Cape Town - The Davos bunfight gets under way again on Tuesday as thousands of the political elite, the world’s wealthiest corporate heads and a clutch of glitterati gather in this Swiss Alpine resort town. In a world of bloody conflicts awash with surpluses, debts and mass unemployment there is probably an air of desperation among the billionaire tycoons assembled for this latest annual World Economic Forum (WEF) meeting.

However, if history is anything to go by, many of the politicians, trade unionists and community decision makers who are the guests will be in awe of everything on offer as they are bribed, subtly bullied, and otherwise persuaded to help shore up the crumbling edifice of a system their hosts epitomise.

The theme this year is “Mastering the Fourth Industrial Revolution”, a belated recognition that the world of work is on the cusp of what was referred to, more than 60 years ago, as “an industrial revolution of unmitigated cruelty”.

This dystopian assessment of the world of the future was made in 1949 by mathematician Norbert Wiener, who foresaw automation making most of humanity redundant.
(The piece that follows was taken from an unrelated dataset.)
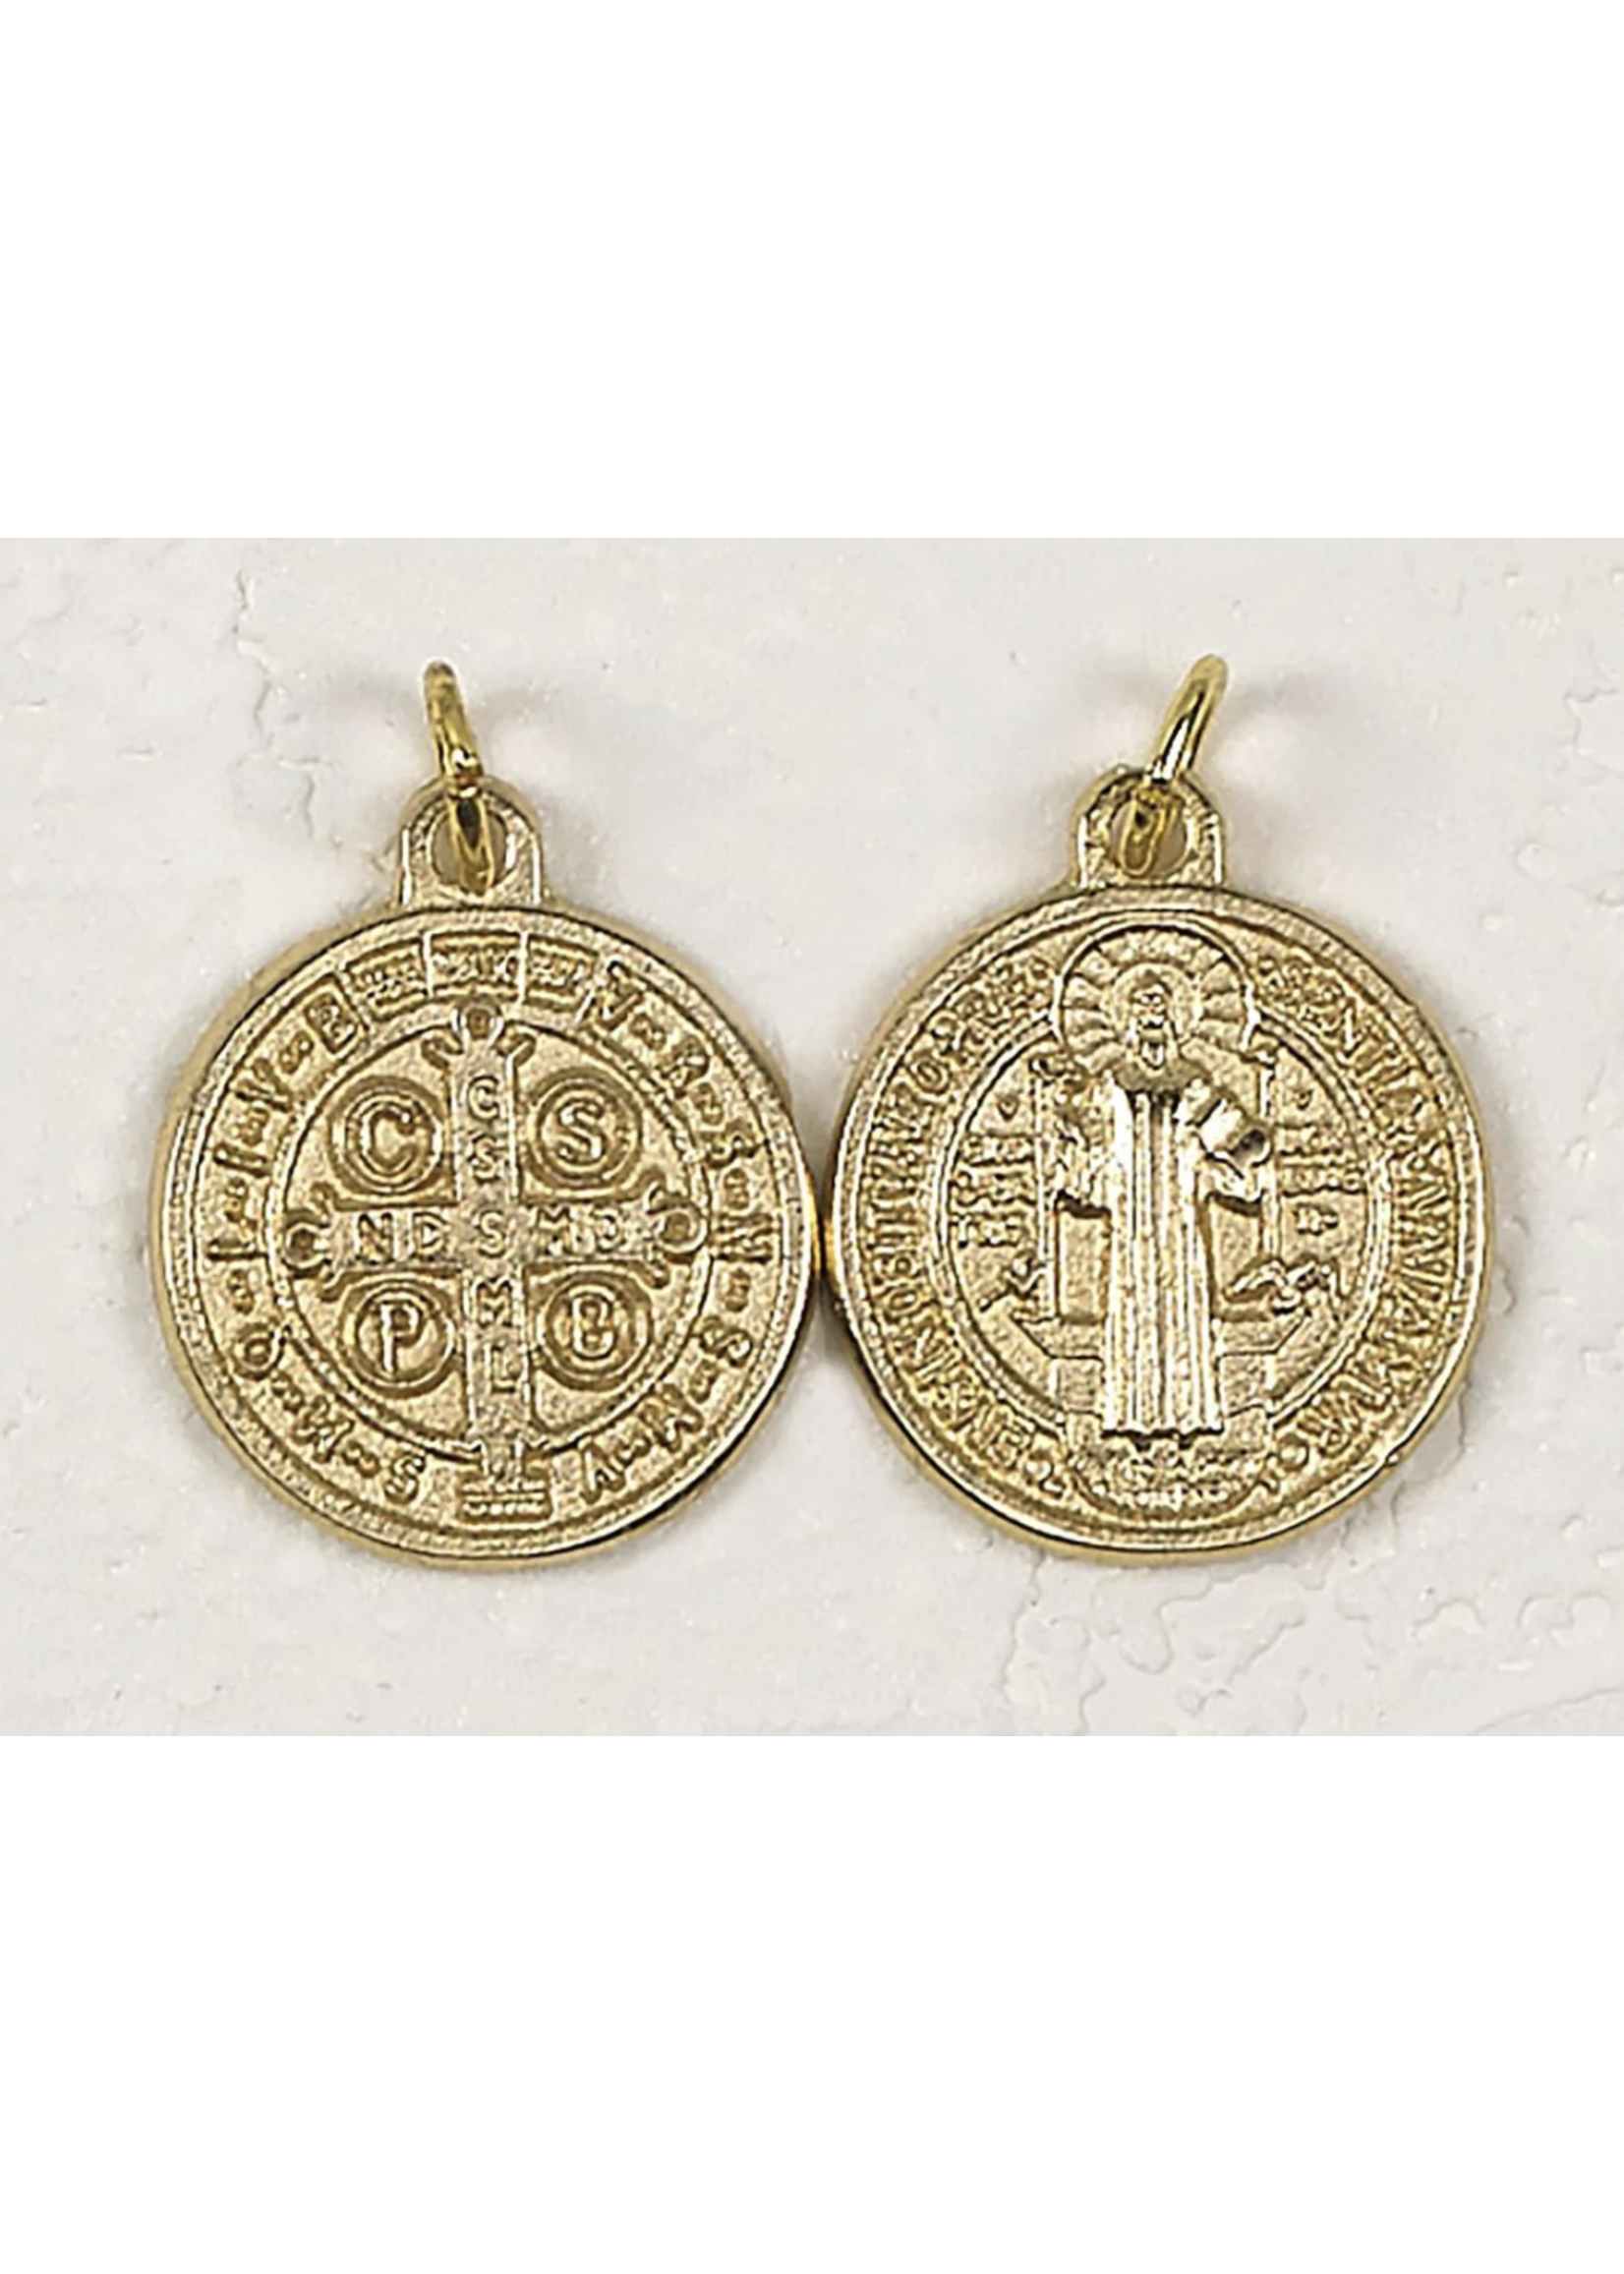 Gold tone Saint Benedict double sided round medal

His assessment was based - as is that of the WEF members, a private club comprising the heads of 1 000 of the planet’s richest corporates - on the assumption that the system controlled by this elite would remain unchanged.

However, the WEF does not share the negative assessment advanced by Wiener and, subsequently others. This club of billionaires refers instead to how “humankind can benefit from this revolution”, but without changing the system they effectively manage. Yet it is this very system that is the problem, not the technological advances that have created a situation of over capacity and over production and made so much labour redundant.

A statement attributed to an earlier, would-be reformer of the crisis-prone capitalist system, the economist John Maynard Keynes, sums up the attitude of those who look to the WEF for answers. This is that there exists the “extraordinary belief that the nastiest of men for the nastiest of motives will somehow work for the benefit of us all”.  

Trapped in gilded cages

Not that the heads of the world’s richest corporates of necessarily nasty people; they are merely in charge of a system that causes often horrendous consequences. They are trapped in their gilded cages, a situation summed up in the release on Monday by human rights organisation Oxfam of that group’s latest assessment concerning the apparently growing wealth of 1% of the population at the expense of the vast majority.

READ: Wealth of 62 richest same as 3.6bn people combined

While the statistics used by Oxfam may be debated, there is no denying that that wage and welfare gap, internationally, has grown vastly. And the very beneficiaries of this system are the hosts at Davos where they will woo a variety of acolytes who, between them, will spend millions of dollars to spend a week in the Swiss resort.

Over this week, the WEF elite will argue that capitalism has a tendency towards equilibrium; that all will be well if “we all pull together”. However, outside Davos there are increasingly debates about real alternatives and, ultimately, these may be much more meaningful than anything that emerges this week from that gathering in Switzerland.